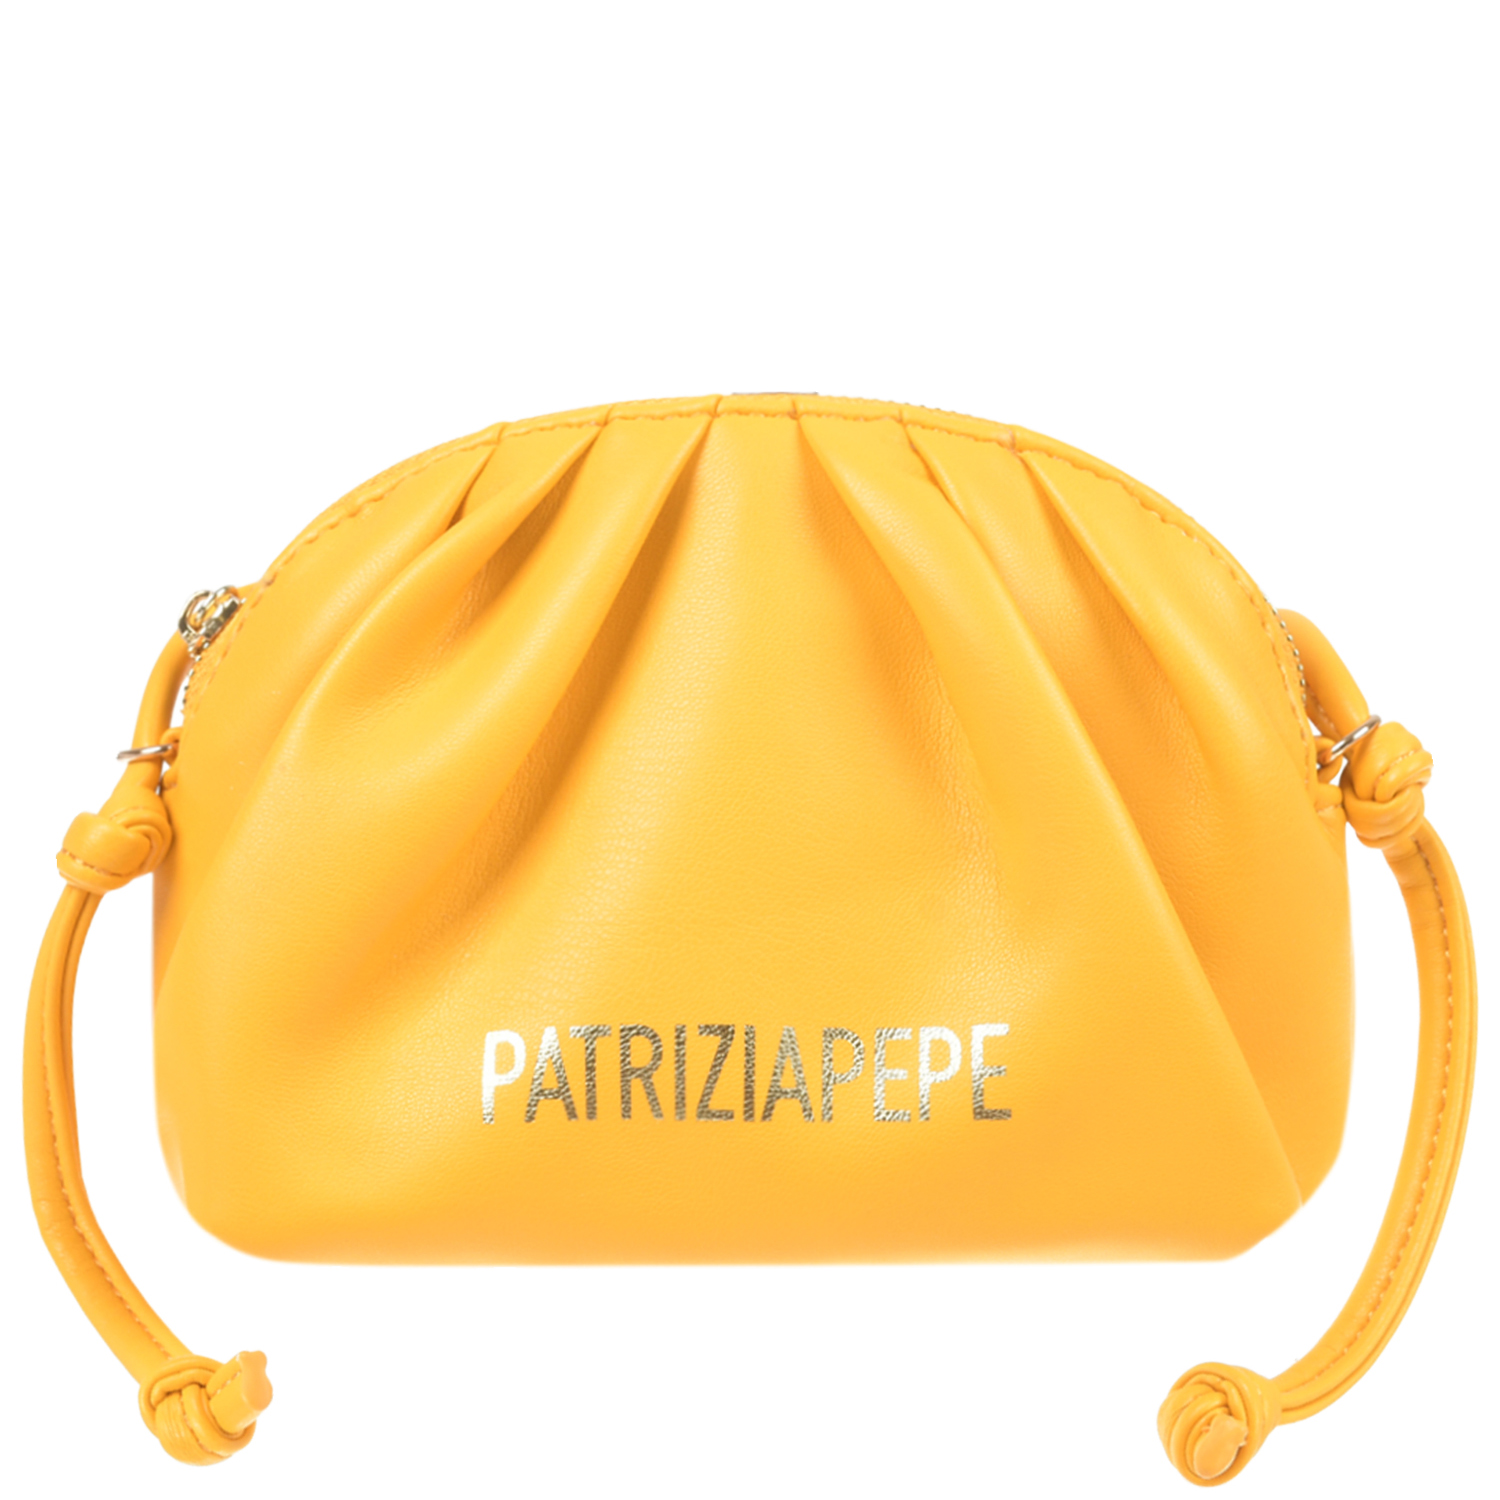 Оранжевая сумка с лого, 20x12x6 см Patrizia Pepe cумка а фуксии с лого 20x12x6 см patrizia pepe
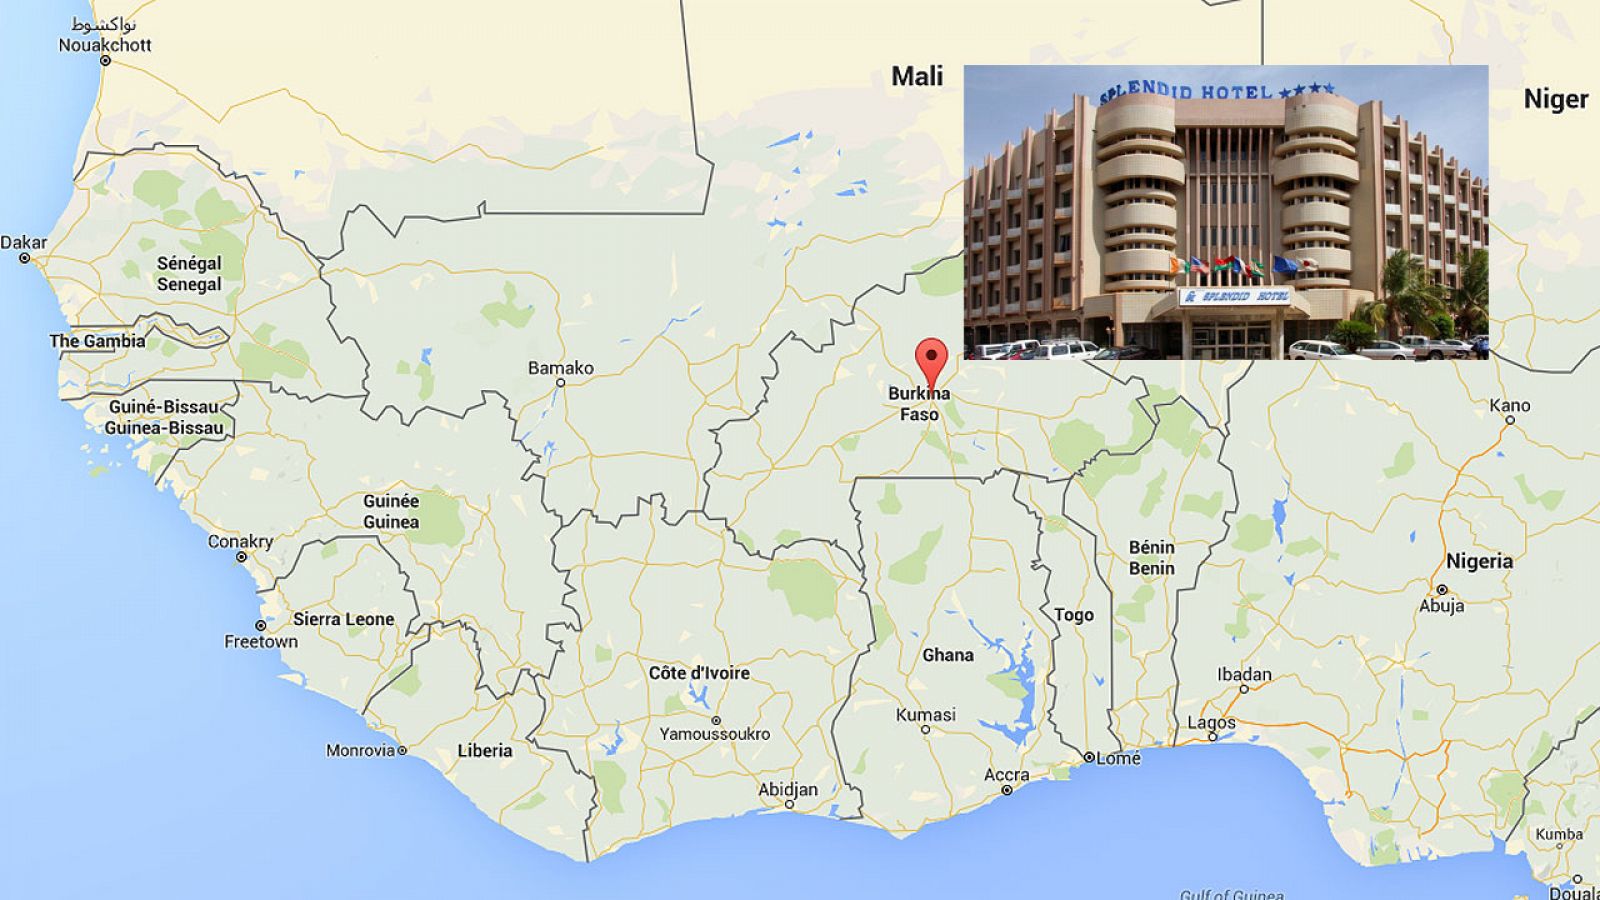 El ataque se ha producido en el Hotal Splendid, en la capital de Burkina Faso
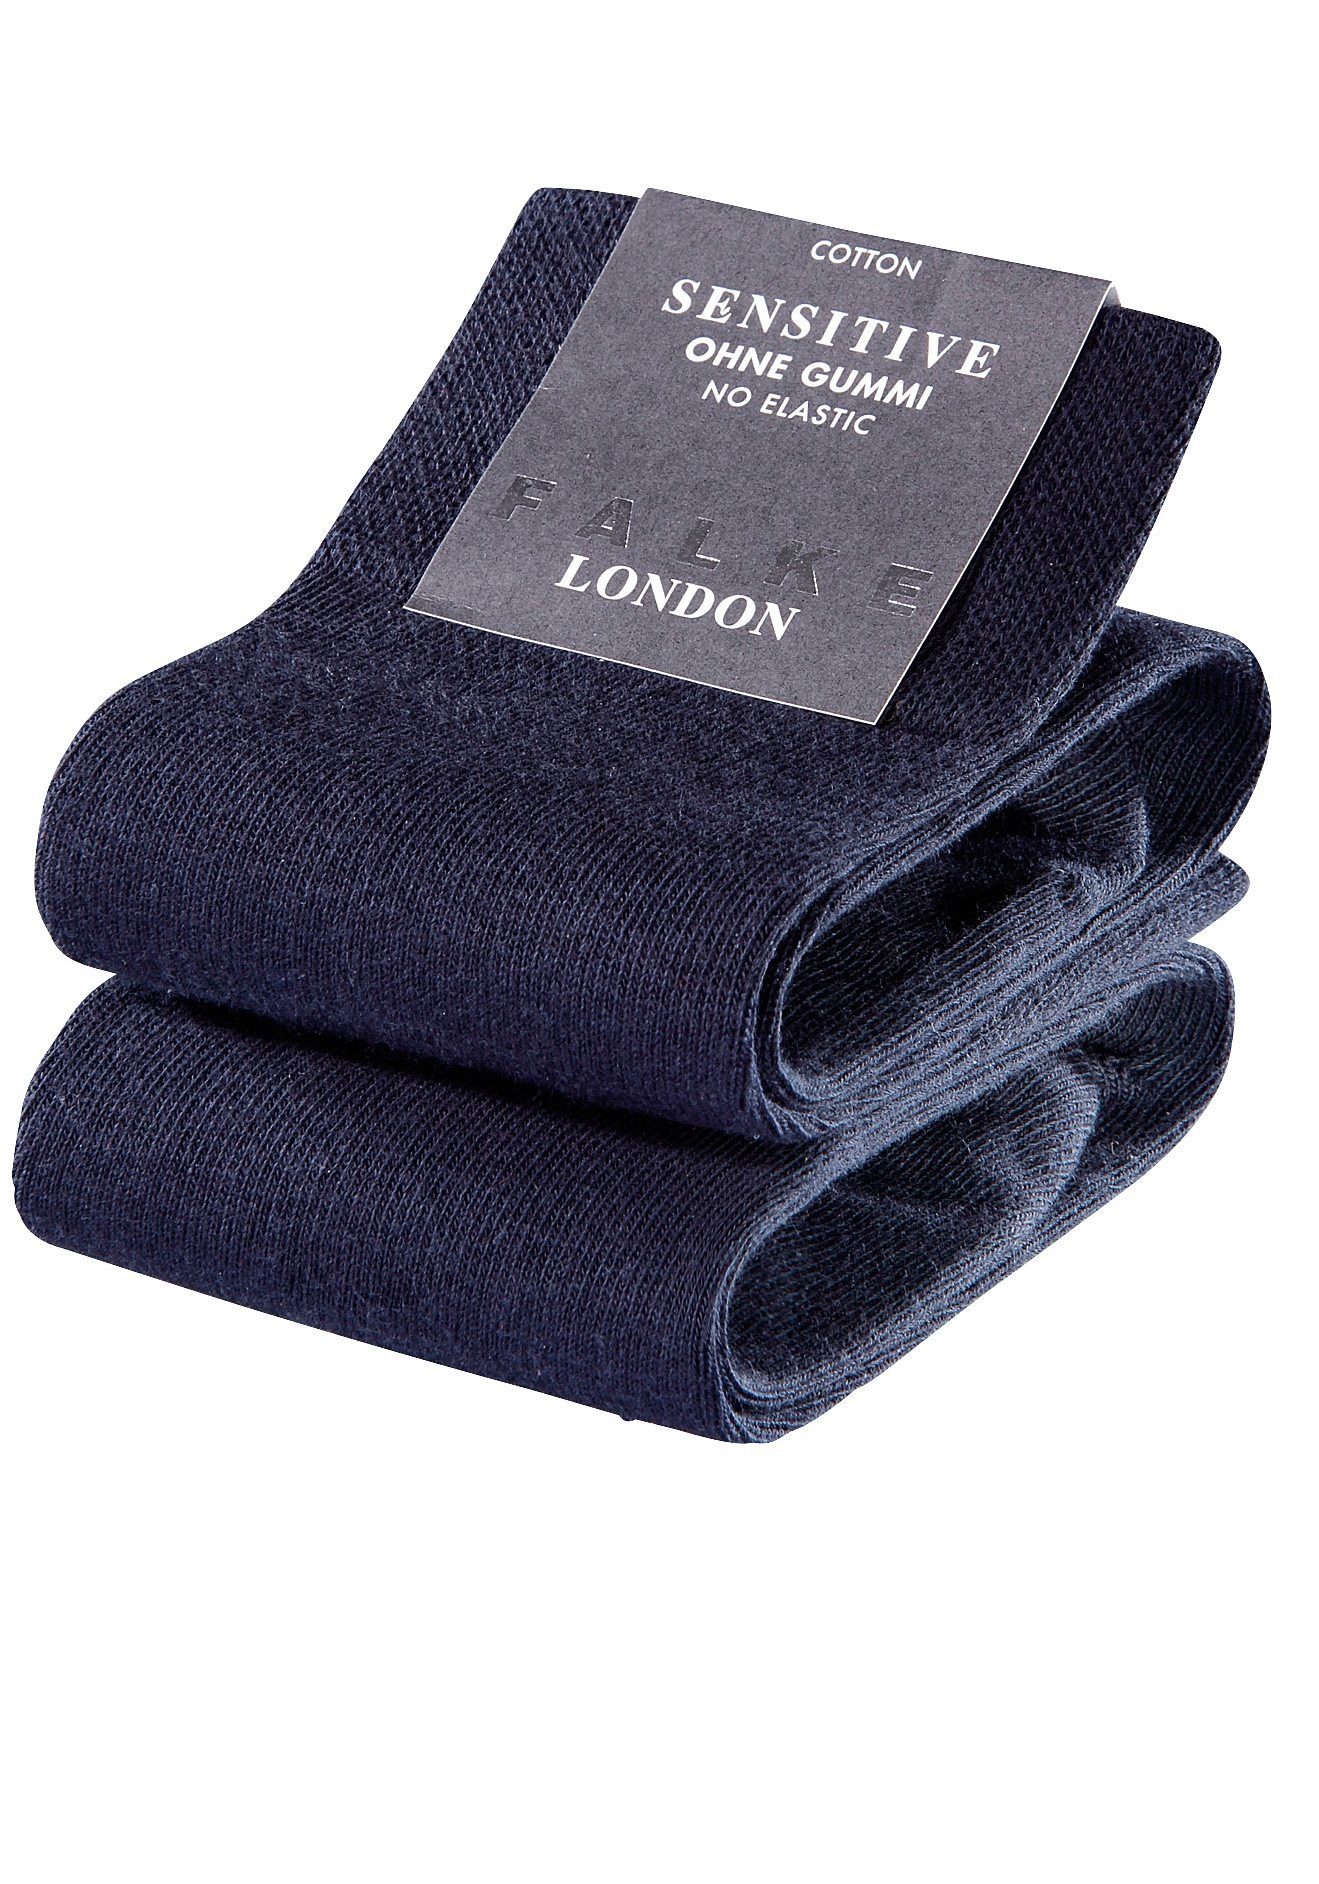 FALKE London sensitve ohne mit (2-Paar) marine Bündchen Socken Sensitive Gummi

#####

Task goal
Reproduce the full material exactly, excluding the pictures.

Exercise solution
 Оранжевая сумка с лого, 20x12x6 см Patrizia Pepe cумка а фуксии с лого 20x12x6 см patrizia pepe
 El ataque se ha producido en el Hotal Splendid, en la capital de Burkina Faso
 FALKE London sensitve ohne mit (2-Paar) marine Bündchen Socken Sensitive Gummi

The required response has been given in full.